Durch die Pflicht zur Leistung der Zusatzzahlung wird ein zusätzliches Anspruchsverfahren eingeführt. In jedem Fall der Verzögerung muss die Pflegekasse prüfen, ob sie die Verzögerung zu vertreten hat. Kommt sie zur Erkenntnis, dass sie die Verzögerung nicht vertreten muss, ist es Sache des Pflegebedürftigen, dies nachprüfen zu lassen. Somit kann folgendes Dilemma entstehen: Entweder ist der Pflegebedürftige mit der Entscheidung der Pflegekasse nicht einverstanden. In diesem Fall wird er den Rechtsweg beschreiten, was zu Klageverfahren führen würde. Oder der Pflegebedürftige will sich aufgrund der Tatsache, dass er primär die Feststellung der Pflegebedürftigkeit begehrt, nicht mit einem weiteren Verfahren belasten. In diesem Fall würde die Regelung keine weitere nennenswerte Wirksamkeit entfalten.

Dem NKR stellt sich vor diesem Hintergrund die Frage, ob nicht zumindest ein kostengünstigeres Mittel zur Verfügung steht. So könnten zum Beispiel die Pflegekassen und Versicherungsunternehmen auch dadurch zur Verfahrensbeschleunigung angehalten werden, indem die Dauer der Begutachtung bzw. Bescheiderteilung der einzelnen Kassen und Unternehmen transparenter als bisher gemacht wird. Ein Mehr an Transparenz dürfte dazu führen, dass Pflegekassen und Versicherungsunternehmen weitere Anstrengungen unternehmen, um die sich (mindestens) seit 2006 abzeichnende positive Entwicklung bei den Bearbeitungszeiten zu befördern. Außerdem müssten auf diese Weise keine Ressourcen darauf verwendet werden, das nach § 18 Absatz 3a SGB XI vorgesehene Verfahren zu administrieren, was letztlich wiederum der Bearbeitung der Pflegeanträge zugute kommen könnte.

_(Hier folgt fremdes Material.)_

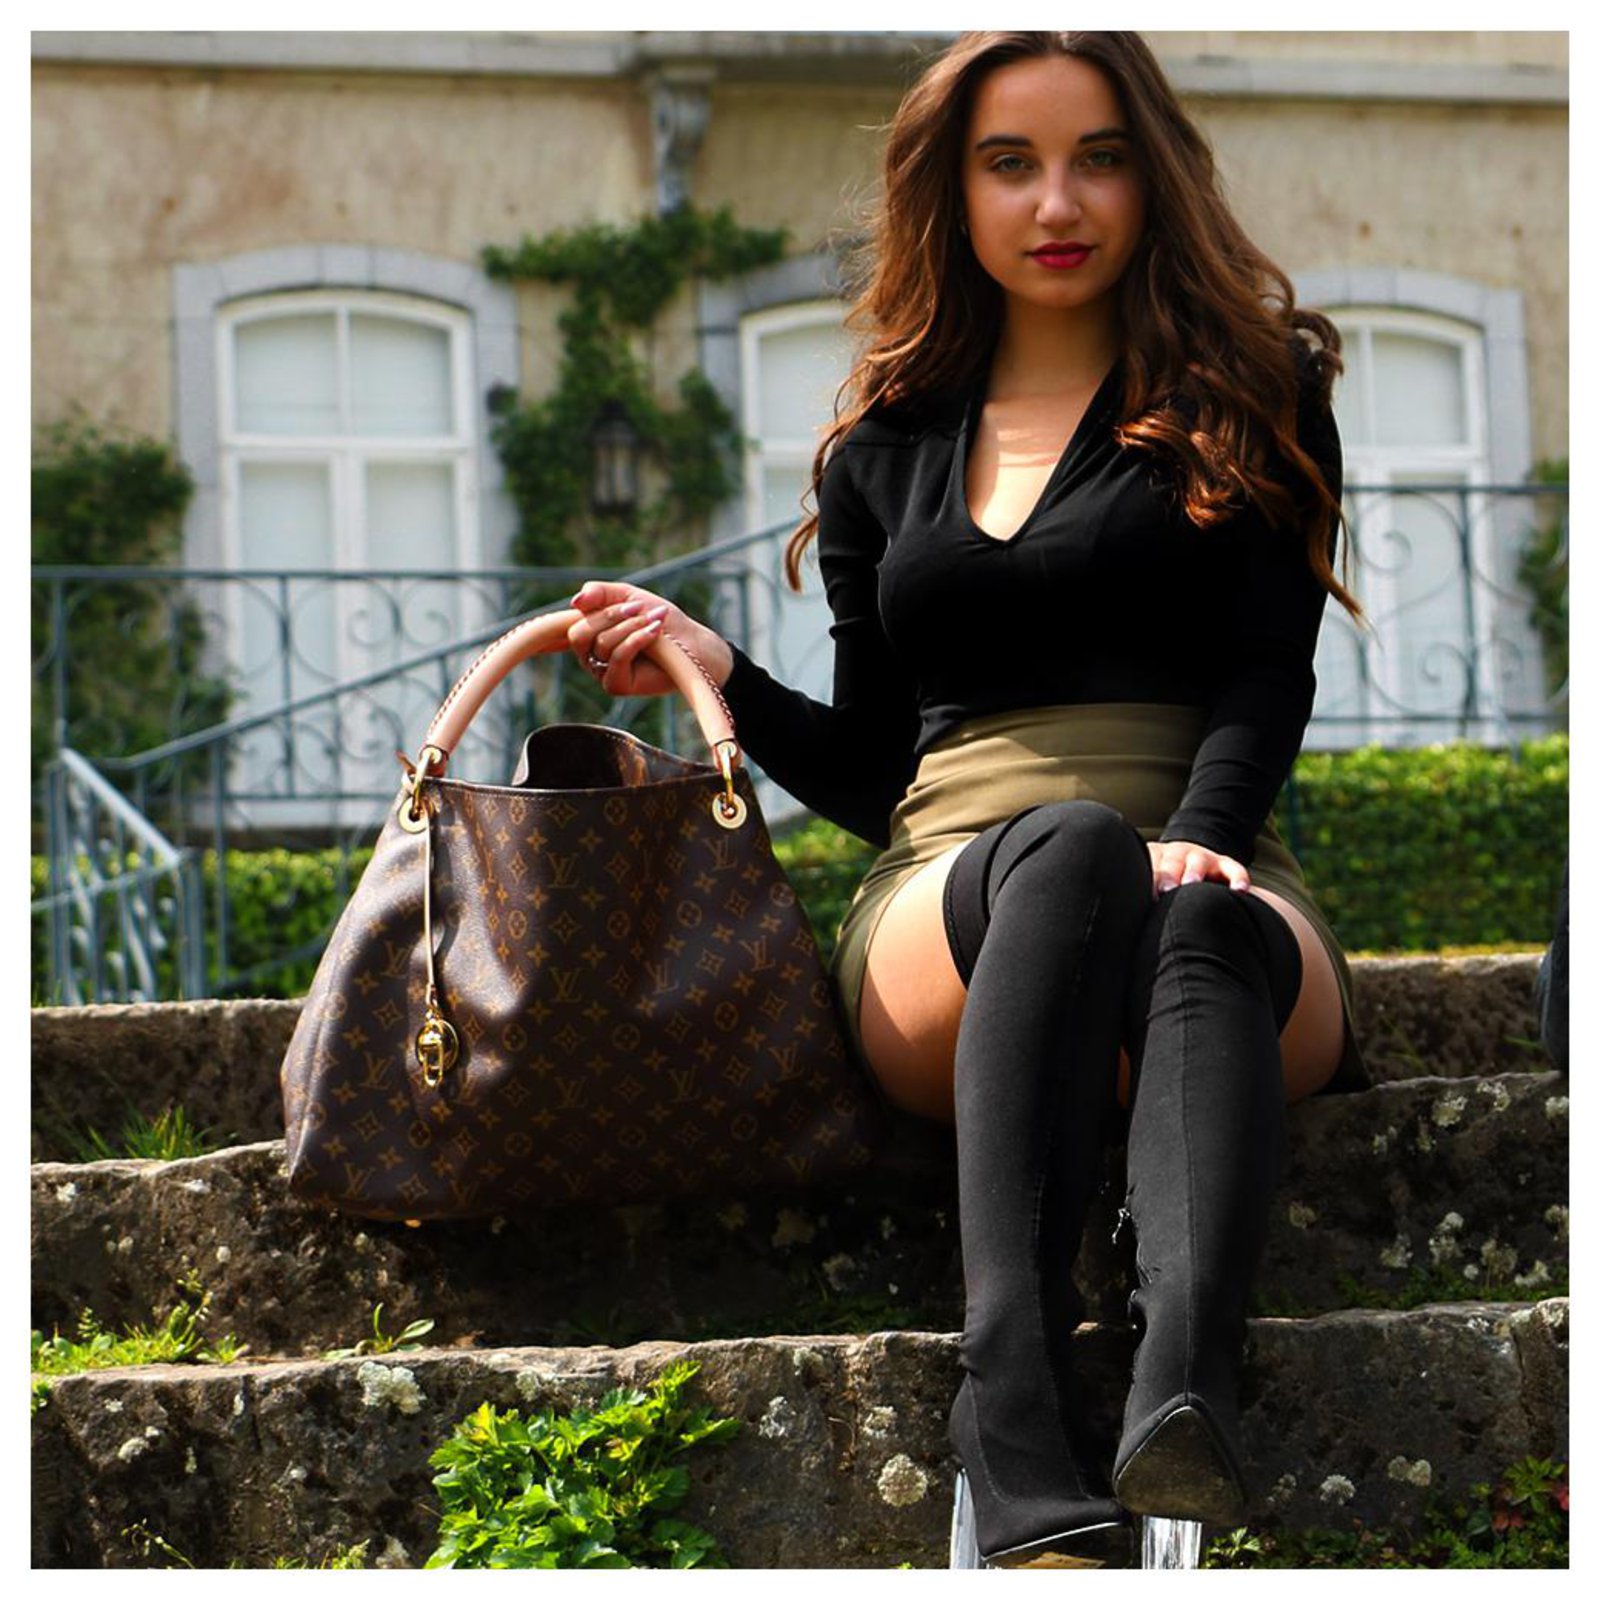 Artsy cloth handbag Louis Vuitton Brown in Cloth - 24970086

Die Änderung knüpft laut Begründung an die Rechtsprechung des Bundesgerichtshofs (BGH) an, insbesondere an ein Urteil vom 13. Dezember 2007 (Az. III ZR 172/07). Der BGH hatte hierin festgestellt, "dass keine Grundlage dafür besteht, dem Bewohner das volle Verpflegungsentgelt zu berechnen, wenn er aus Gründen, die mit seiner Lebenssituation zwingend verbunden sind, die normale Verpflegung nicht entgegennehmen kann. Es ist insbesondere nicht gerechtfertigt, Bewohner, die mit Sondernahrung verpflegt werden müssen, durch die bestehen bleibende Verpflichtung, das normale Verpflegungsentgelt zusätzlich zu entrichten, zu einem Solidarausgleich für die Vergütung eines Leistungsbestandteils heranzuziehen, den sie aufgrund ihrer persönlichen Situation nicht in Anspruch nehmen können."

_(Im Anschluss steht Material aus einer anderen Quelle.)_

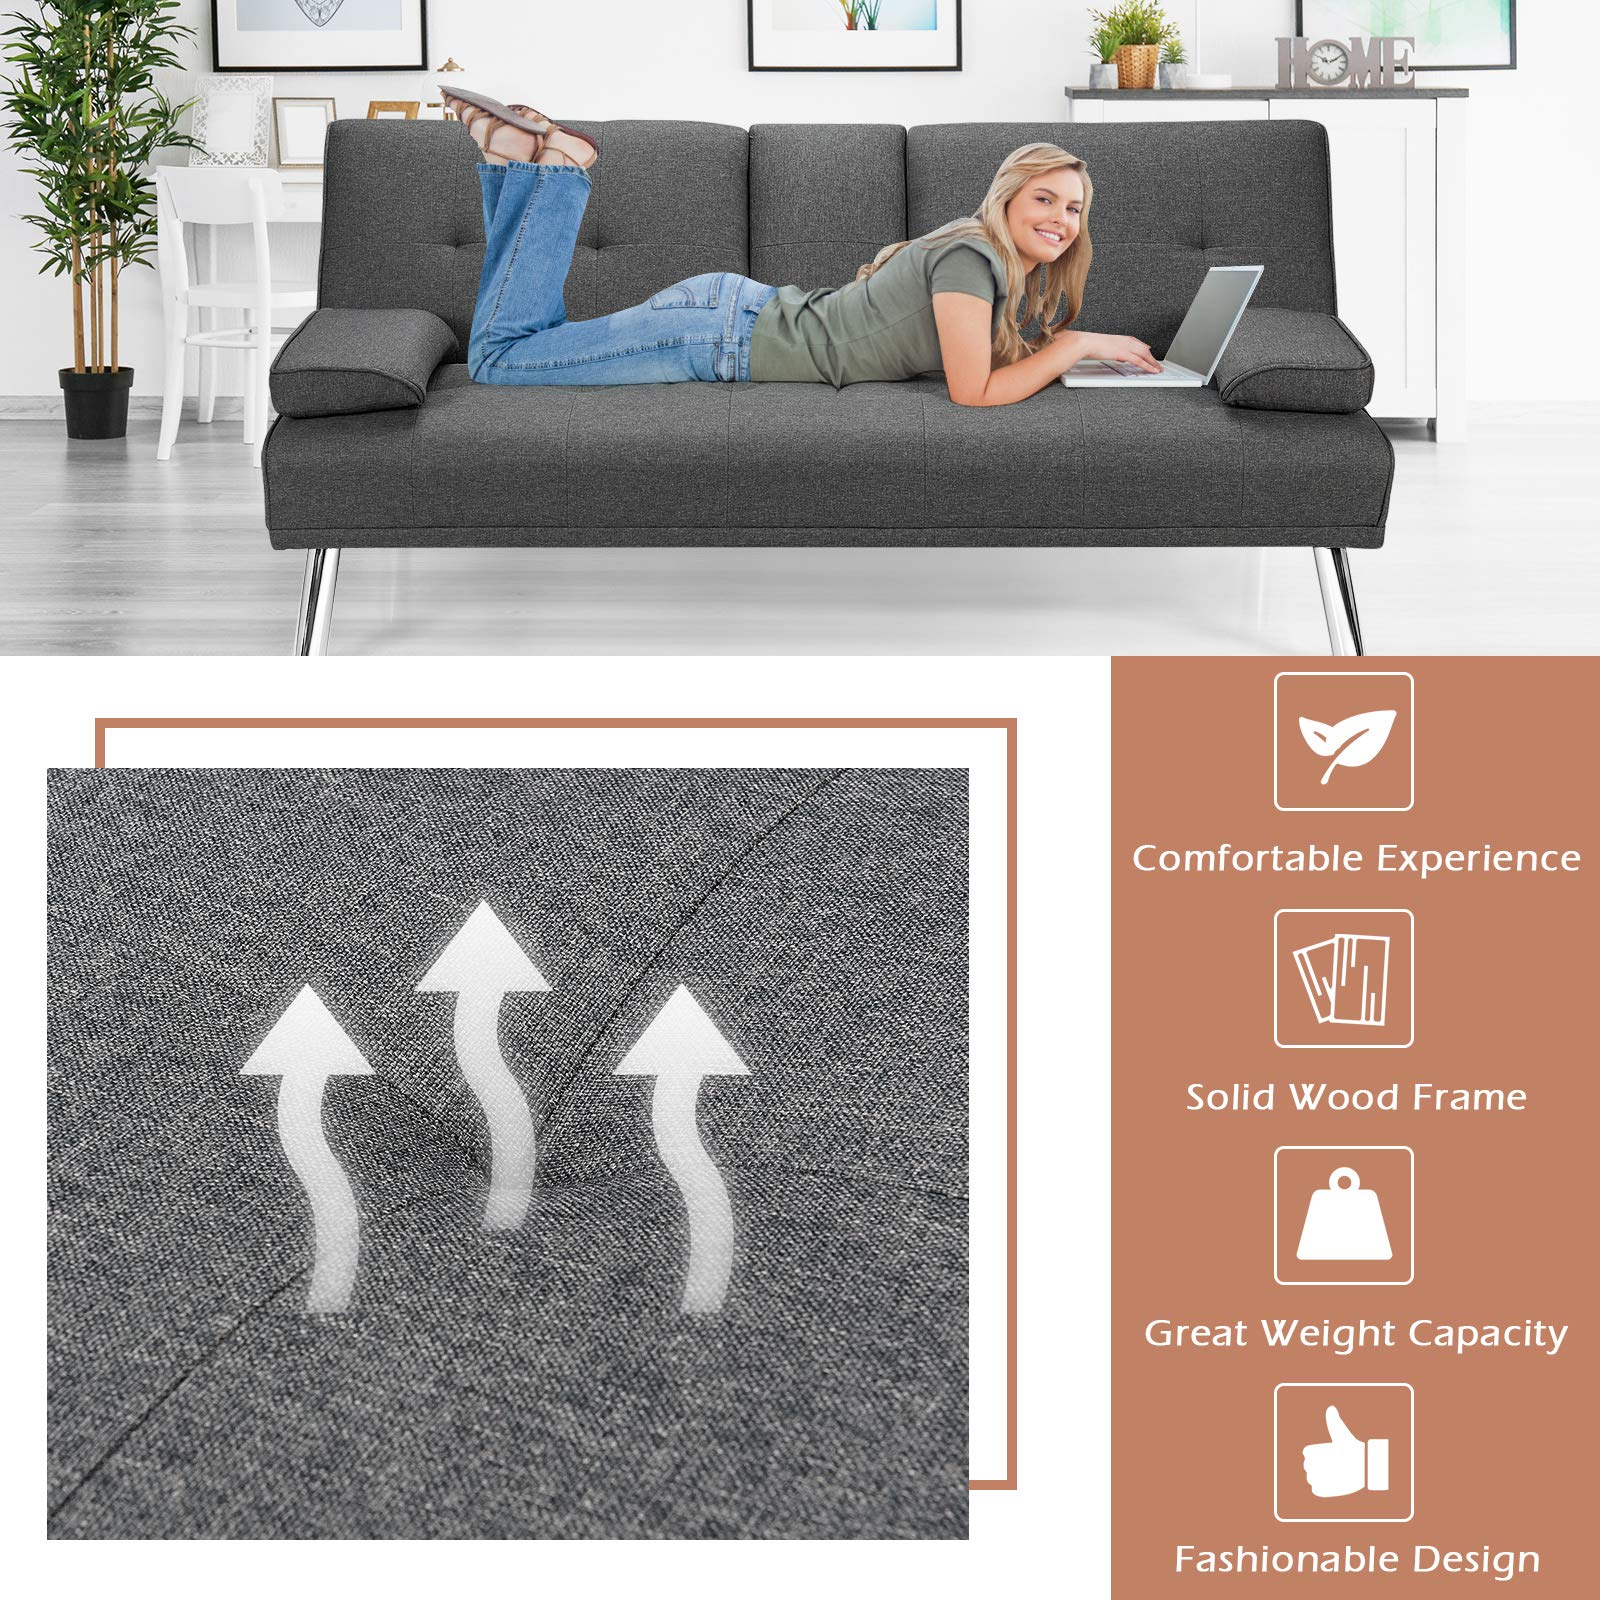 Giantex Modern Convertible Futon Sofa Bed

Das Urteil ging von dem Fall aus, dass das Pflegeheim für einen längeren Zeitraum vorausschauend planen konnte, dass der Pflegebedürftige Sondernahrung und damit keine normale Verpflegung einnehmen musste, und dass das Pflegeheim bei einer Reduzierung des Entgelts keine Einbußen erleidet, da es sich beim Einkauf der Lebensmittel darauf einrichten kann. Für den Gesetzentwurf spielt die Frage, warum und wie lange der Pflegebedürftige an der Verpflegung nicht teilnimmt, keine Rolle. Folge wird voraussichtlich sein, dass der Betreiber des Pflegeheims letztlich taggenau beweisen muss, dass der Pflegebedürftige tatsächlich die Verpflegung in Anspruch genommen hat. Dies erfordert im Ergebnis eine zusätzliche Dokumentation. Daneben ist das Pflegeheim weiterhin gehalten, Verpflegung vorzuhalten, es darf aber in der Abrechnung nur die Tage in Ansatz bringen, an denen Verpflegung tatsächlich in Anspruch genommen wurde. Hierdurch entsteht zusätzlicher Erfüllungsaufwand.

Da durch den vorliegenden Entwurf der Aufwand für die Wirtschaft ansteigen wird, müssen zusätzliche entlastende Maßnahmen identifiziert werden. Sollten diese Maßnahmen im parlamentarischen Verfahren dieses Gesetzentwurfs als Formulierungshilfe eingebracht werden, bittet der NKR um eine frühzeitige Beteiligung durch das Ressort.

Der NKR bittet das Ressort, in seiner möglichen Stellungnahme nach § 6 Absatz 1 Satz 2 NKR-Gesetz insbesondere auch auf die zu § 18 Absatz 3a SGB XI geäußerten Bedenken einzugehen.